_WHAT IS BEING ASKED:_ The reply should reproduce every line of the data below word for word, minus any images.

_DATASET SECTION:_
════

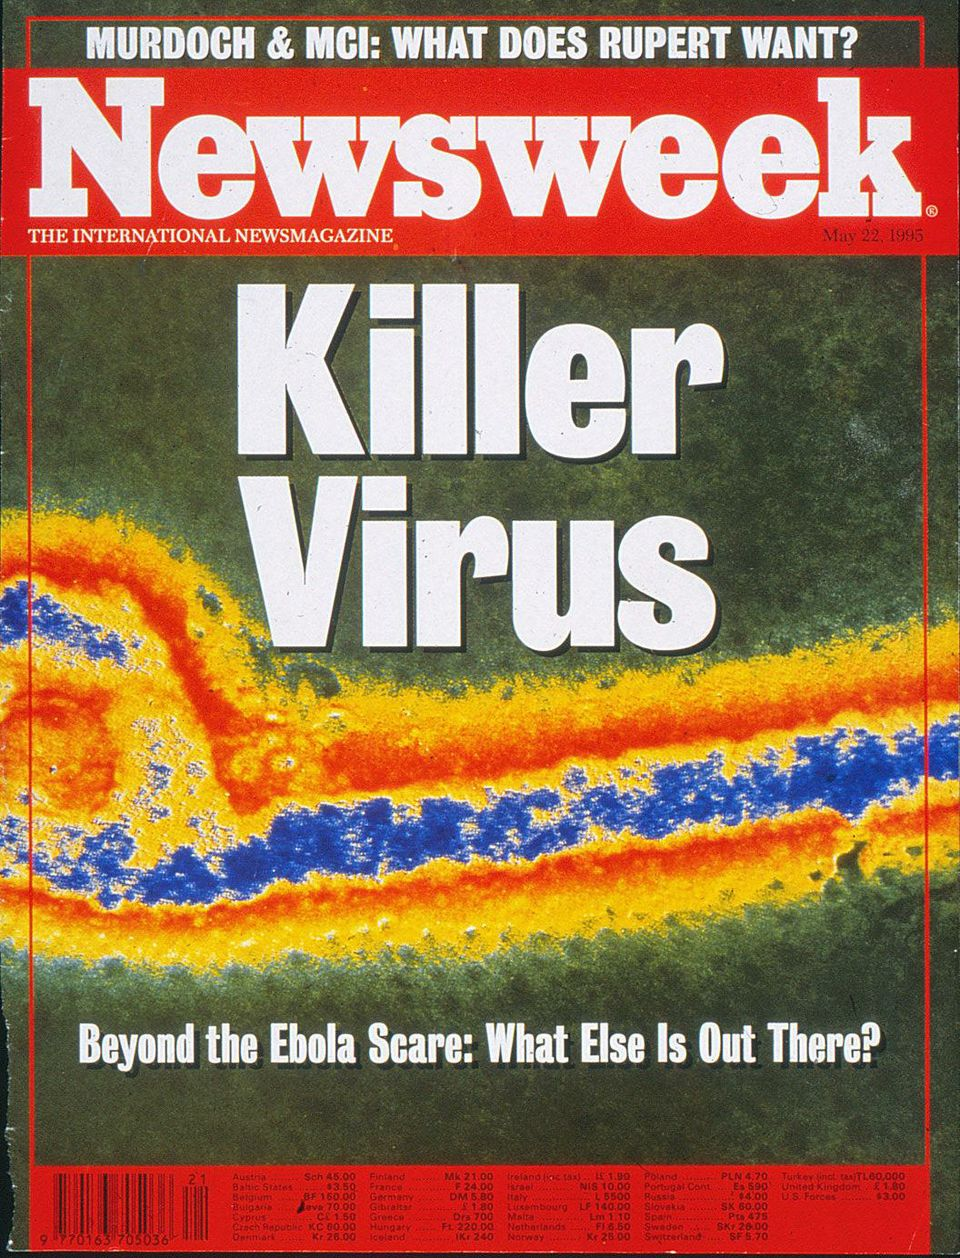 Newsweek headline declared KILLER VIRUS.
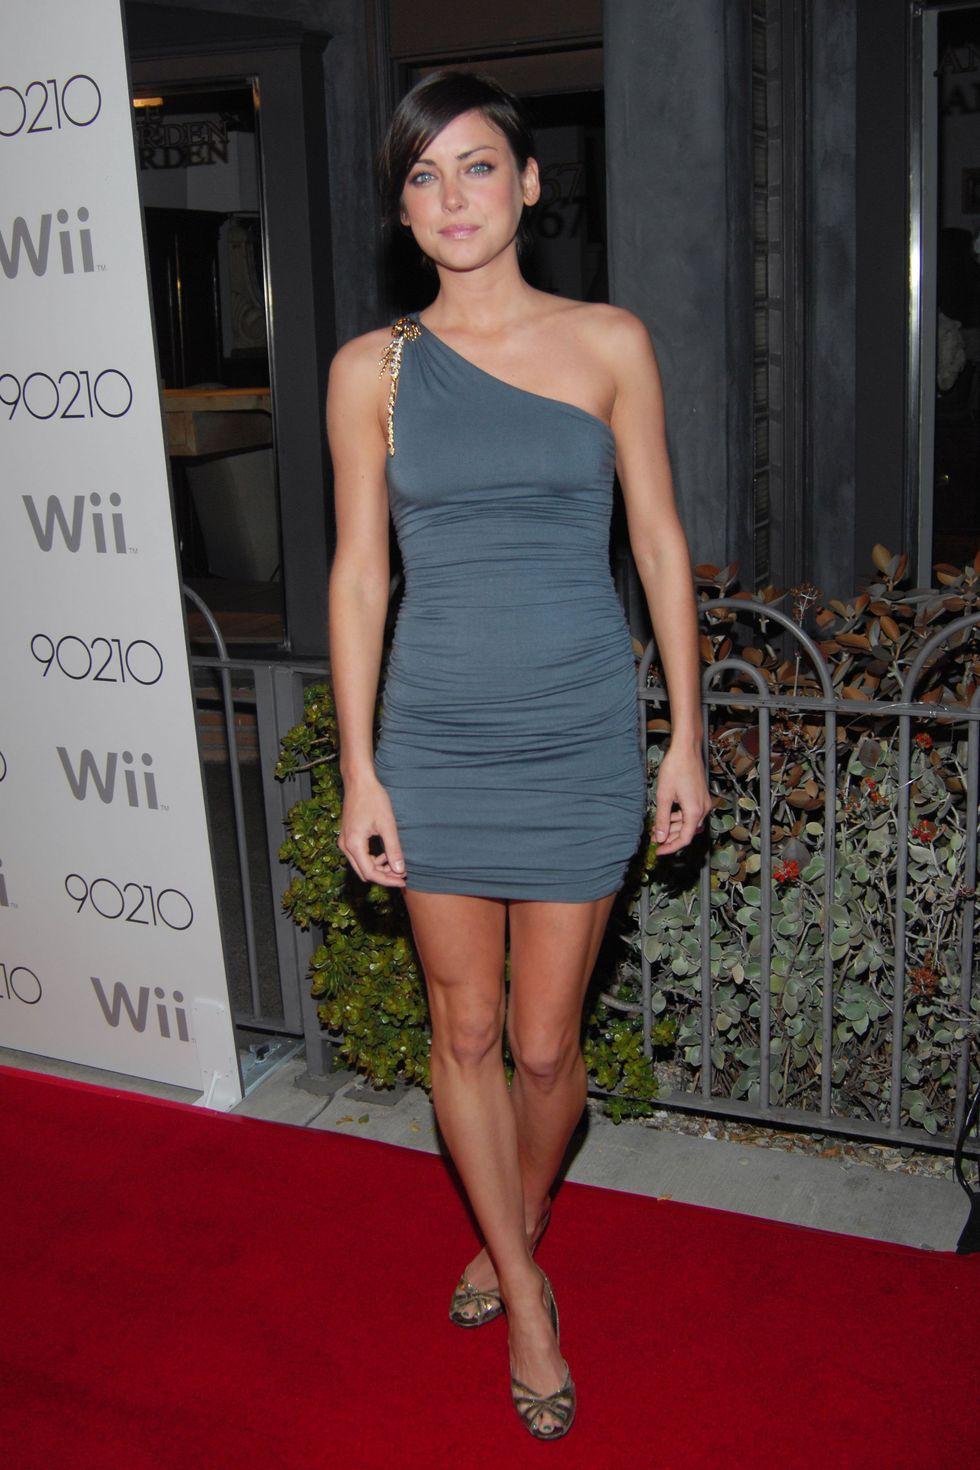 annalynne-mccord-90210-season-wrap-party-01
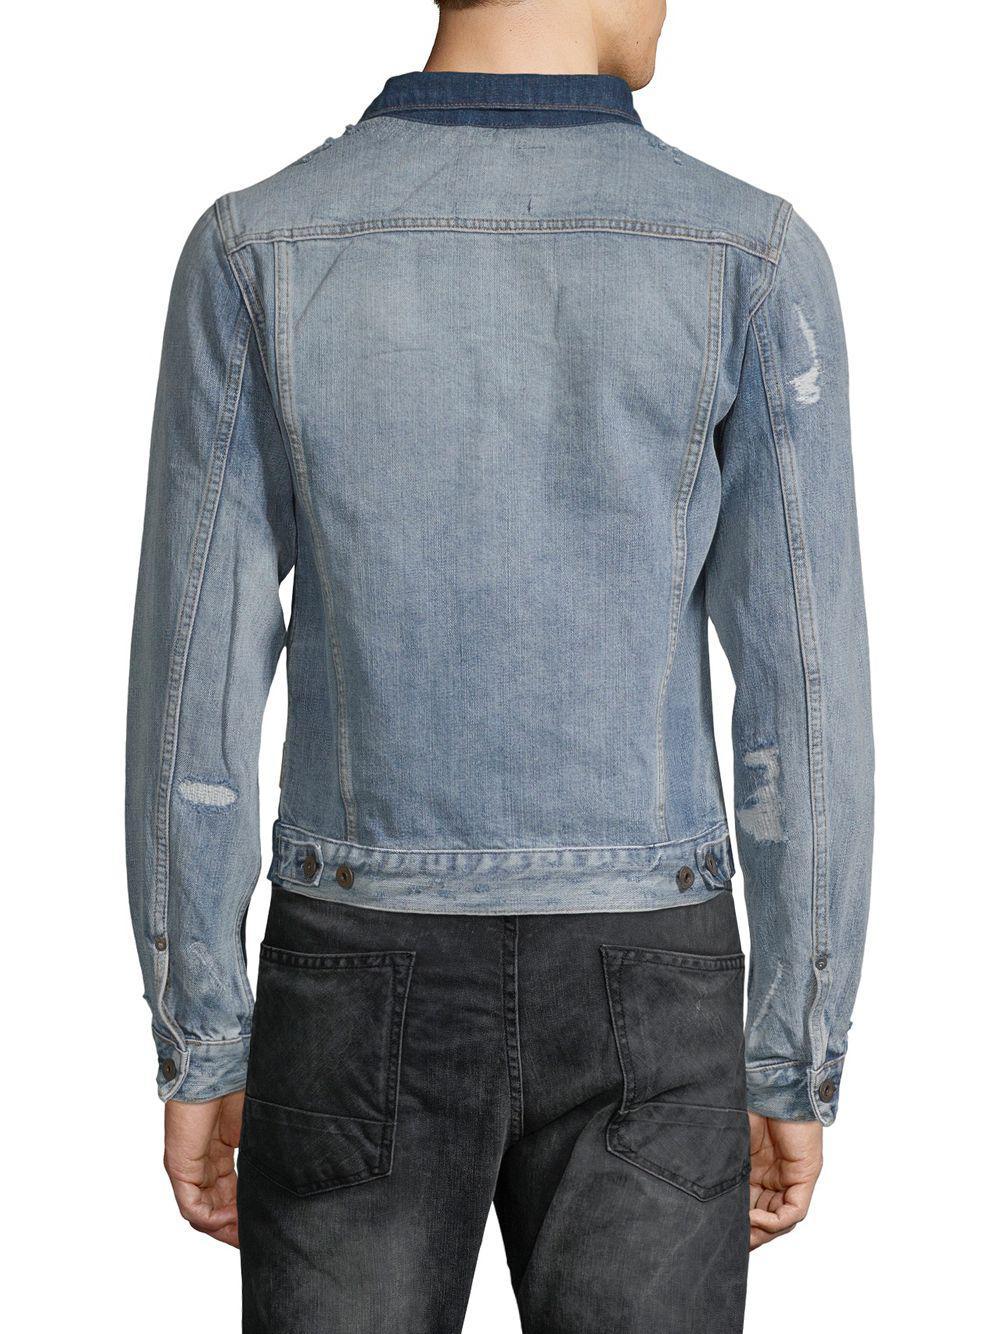 b807aa5dd1a ... Blue Heroes Customized Denim Jacket for Men - Lyst. View fullscreen

════

_ANSWER BELOW:_
 Newsweek headline declared KILLER VIRUS.
 annalynne-mccord-90210-season-wrap-party-01
 b807aa5dd1a ... Blue Heroes Customized Denim Jacket for Men - Lyst. View fullscreen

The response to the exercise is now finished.